Словно услышав ее мысли, он искательно погладил ее руку.

— Я же за тебя беспокоюсь.

И все прошло. Как будто этим прикосновением он начисто стер все ее подозрения.

Она успокоенно вздохнула. До чего ж она бестолкова! Ну конечно, это же ради нее! Он так боится за нее, а она смела подозревать его в чем-то плохом! Он боится за нее! А ей ни капельки не страшно, ей даже как-то храбрее от этого… Геннадий, тот считал нужным подбадривать ее, незаметно помогал через ребят в цехе… Она задумчиво улыбалась своим мыслям; какая разная бывает любовь и как разно она заставляет людей вести себя…


Глава восьмая

Первомай справляли у Чернышевых. Кроме Жихарева, остальные были свои, эмтээсовские. Мужчины в наутюженных костюмах сияли белоснежными рубашками. На женщинах цвели легкие платья с короткими рукавами. От вида обнаженных рук и душистой пестроты тканей казалось, что за окнами стоит теплынь настоящей весны. По квартире волнами ходил смешанный веселый запах пирогов, одеколона, водки, дыма; бойко стучали высокие каблучки, блестели протертые стекла, звенела посуда, из кухни доносились возбужденный шепот и смех, и все это еще больше усиливало впечатление весенней праздничности.

Ветврач Нарышкин поминутно щелкал лакированной крышкой новенького портсигара, настойчиво угощал всех папиросами «Фестиваль», тоненькими, длинными, от которых разбирал кашель. Писарев вертел на полу бутылки с вином, показывая, как, согласно законам гидродинамики, раскупоривать без штопора. Строгий черный костюм и накрахмаленный воротничок придавали ему непривычную солидность. Таким он, вероятно, был у себя в проектном институте в Ленинграде.

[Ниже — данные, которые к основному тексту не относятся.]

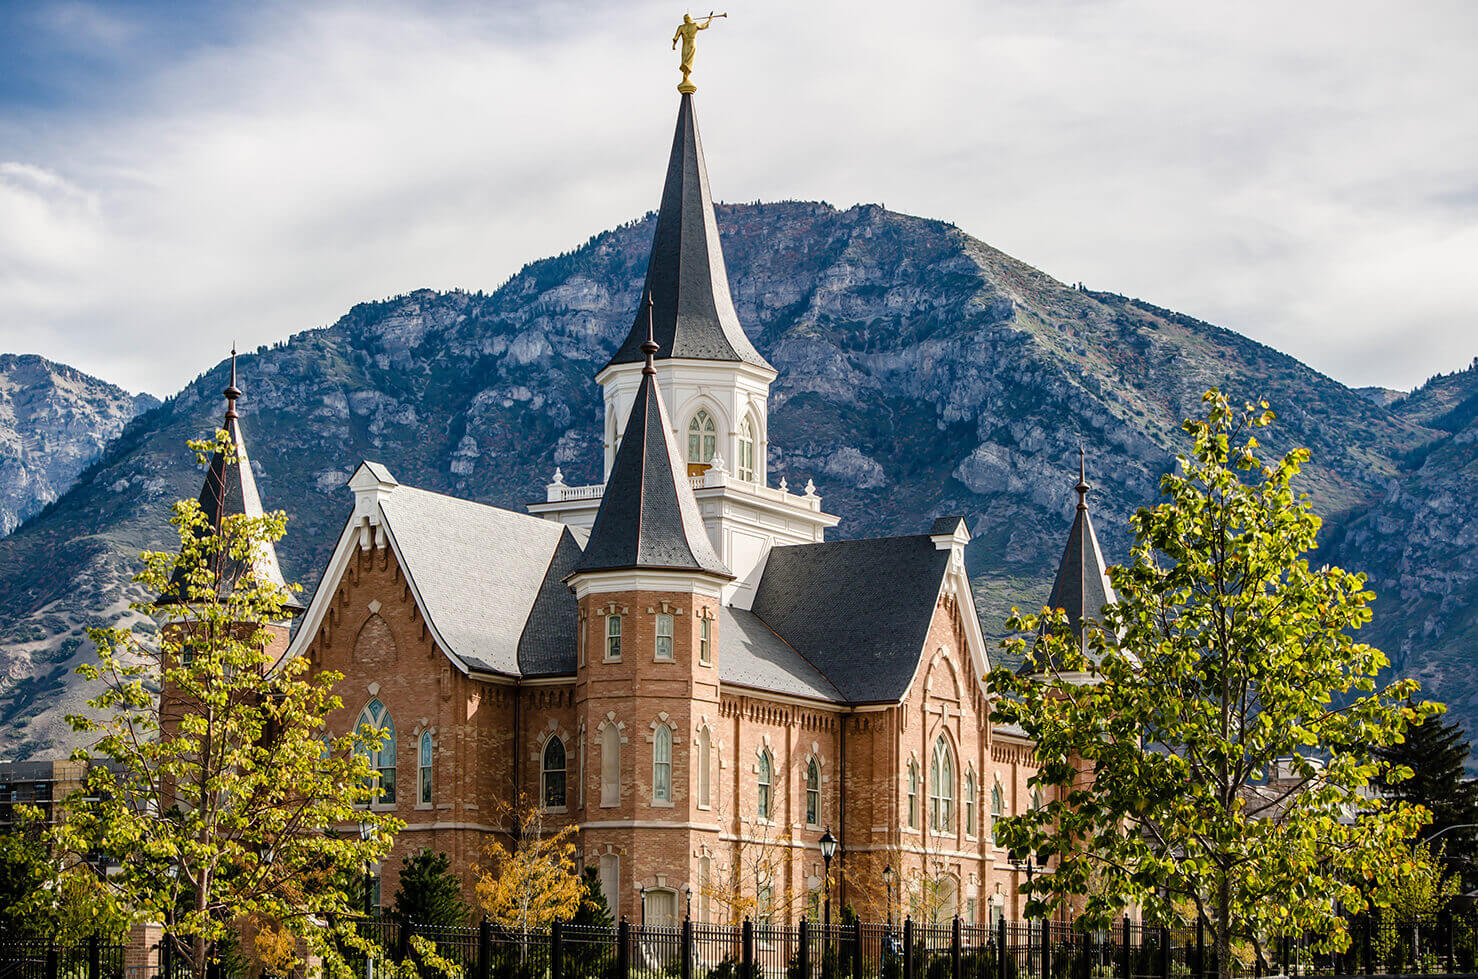 Provo City Center Templeof The Church of Jesus Christ of Latter-day Saints

Все выглядели необычно и с любопытством посматривали друг на друга.

Игорь пошел на вечер ради Тони. Настроение у него было прескверное. От напряженной улыбки, с которой он слушал длинный тост Чернышева, у него заболели скулы. Ему не терпелось скорее уткнуться в свою тарелку.

— …Водка — вещь вредная, малосознательная, — говорил Чернышев. — С этими недостатками борются при помощи закуски и тостов. Нужно, товарищи, всякий раз отдавать себе полный отчет, во имя чего мы глотаем эту отраву, это зелье…

— Видно, что текст согласован, — сказала Надежда Осиповна.

— Регламент!

— Товарищи! Сколько бы вы тут ни шумели, имейте в виду, — продолжал Чернышев, — наш путь к этой селедке и винегрету лежит через мой тост.

— Пропал праздник! — вздохнул Писарев.

— …Наступает весна, — говорил Чернышев. — Во многом она для нас первая. Мы с ней незнакомы, и она нас не знает…

— Поэтому она идет так осторожно, — усмехнулся Жихарев.

Игорь прищурился: сквозь рюмку казалось, что смеется все лицо Жихарева, его уши, подбородок, шея. И Чернышеву тоже весело.

— …Но все равно, давайте выпьем с ней на «ты». За ее твердый характер, за нашу мягкую пахоту!

Опустив глаза, Игорь чокнулся с Чернышевым. Сейчас начнут подшучивать насчет тракторов и ремонта.

Но никто не вспомнил о тракторах. Пили за первые цветы, за первую борозду, в честь Нарышкина, за здоровье первого поросенка весеннего опороса.

Игорь пил жадно, почти не закусывая. Вино не пьянило его. Стало немного жарко, но голова оставалась ясной. На другом конце стола за Тоней наперебой ухаживали Нарышкин и приезжий землеустроитель. Если бы она была рядом, может быть ему не было бы так паршиво. Неужто она не взглянет на него? Он почувствовал себя одиноким среди этого веселья. Ну что ж, потерпим, лишь бы ей было весело. Но вообще-то с ее стороны это свинство.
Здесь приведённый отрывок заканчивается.